Here is the first of my two book club discussions that focused on Ilyasah Shabazz’s novel X about her father, Malcolm X. I think it’s worth noting that my two book clubs are a bit different in focus. This club tends to focus a bit more on ‘strange’ books, ones that make you think and take a very different point of view. The other is a much more traditional book club. I think it will be interesting to see how the two different groups perceive the book.
Our leader told us that people in other discussion groups had a hard time with reading a fictionalized account of an actual person. Like the last book our group read, The Paris Wife, this book had to take great liberties as to exact dialogue and fill-in action to account for what’s not known. No one in our group had specific complaints about this, but some in different discussion groups believed that without accurate details, the whole thing was too fictionalized to be taken as fact. I can see that, but I feel that it’s the overall truth, where and who and when, that tells the story, not the specific words that tell the story. The book is aimed at a YA audience and children of this age may be slightly more inclined to believe that every word was true. We thought to call out that the book is a novel on the cover may have been aimed at that age cohort.
I mentioned my opinion that the end of the book seemed rushed and another reader felt that it was more like a teaser for learning about the rest of Malcolm’s life. A few recommended his biography to continue learning about him. The conversion he experienced in prison is true, but we felt the men who pushed him on that path were a bit too convenient, saying things exactly when he was ready to hear them. It was a return to his roots and probably a more gradual process than the book had time for.
Louise Little’s institutionalization was a catalyst in Malcolm’s life. We questioned if she really should have been institutionalized but it’s hard to tell from this novel. She could have been an activist who was deemed a threat to public stability. Or, if she really did need to be institutionalized, she could have suffered from post-partem depression or even PTSD. Given the time period of the depression, it’s easy to see how taking care of eight children would be hard. We questioned the fine line between being too proud to accept public handouts and having hungry children at home. We did notice the comments about the vegetable garden and chicken coop having fallen apart since their father died so maybe she really was neglectful.
There were so many times that Malcolm made the wrong decision when you felt things were finally going to turn around for him. Like many young people, he thought he was invincible. He would never be the one to be lynched or go to jail. That happened to other people, but not him.

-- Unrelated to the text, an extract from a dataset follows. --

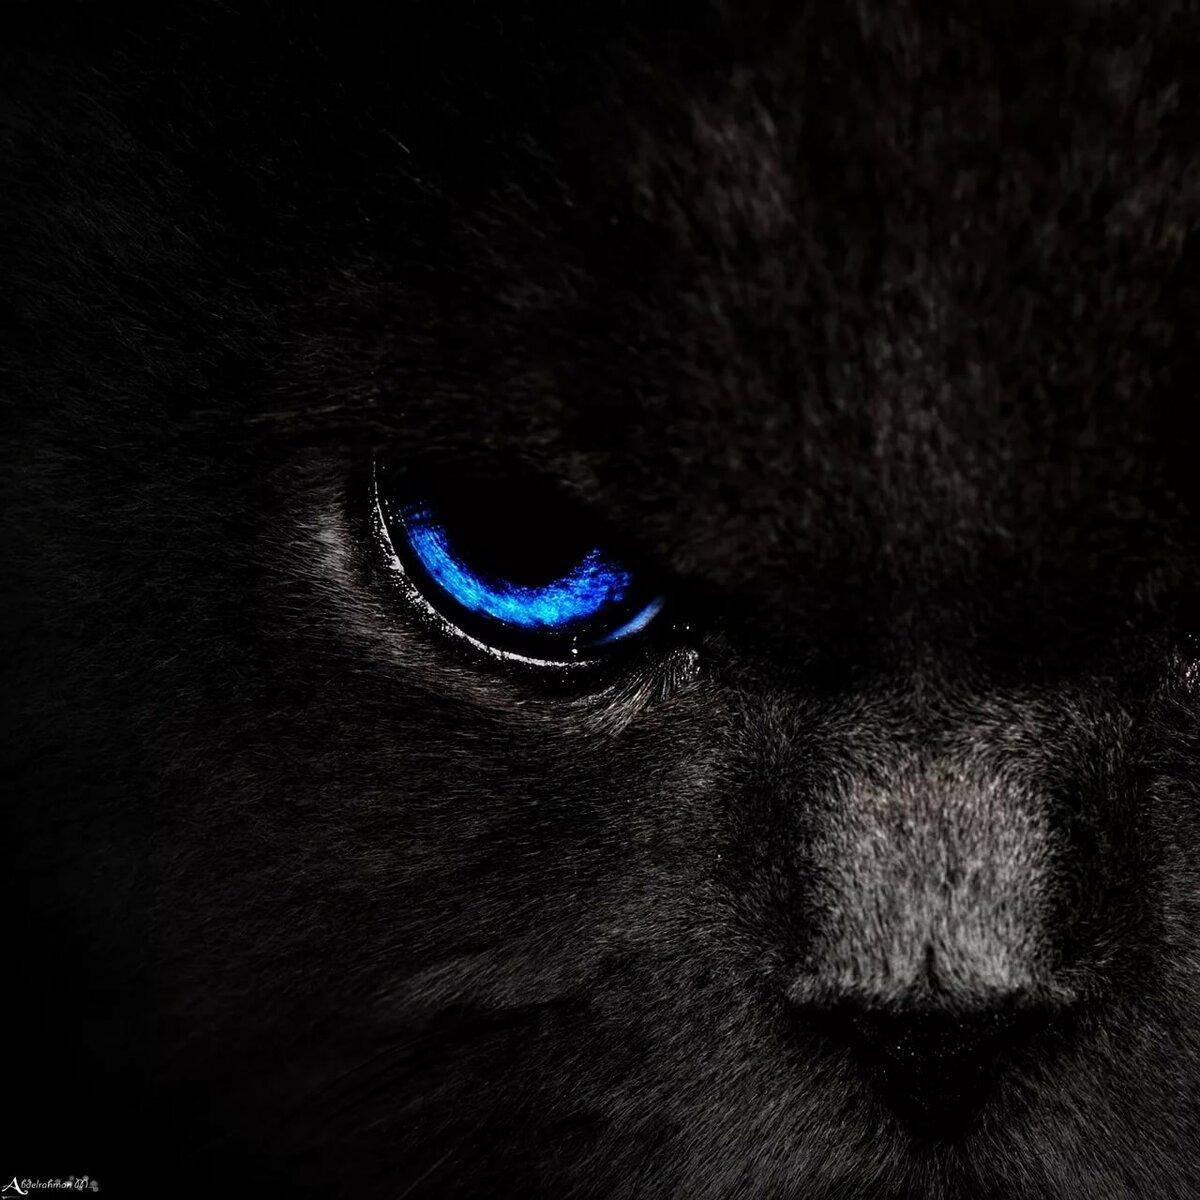 картинка глаза пантеры с голубыми глазами фотограф

The comment Malcolm’s teacher made to him destroyed him and set him on a poor path into the future. He had a very high opinion of that teacher and until that moment he hadn’t experienced much racism in the classroom. He felt like what his father and mother had preached was true, that he could raise himself up on merit. When his teacher said that to him, he internalized it as his father lying to him, not as the teacher pushing him down. When he saw the pride Ella had, he felt like she wasn’t being truthful either and that being pushed down in the dirt was where he was going to end up. It’s so disheartening to see how the comments of one man could steer a boy’s life onto such a destructive path. It really makes you think about what you say and how you can hurt another person.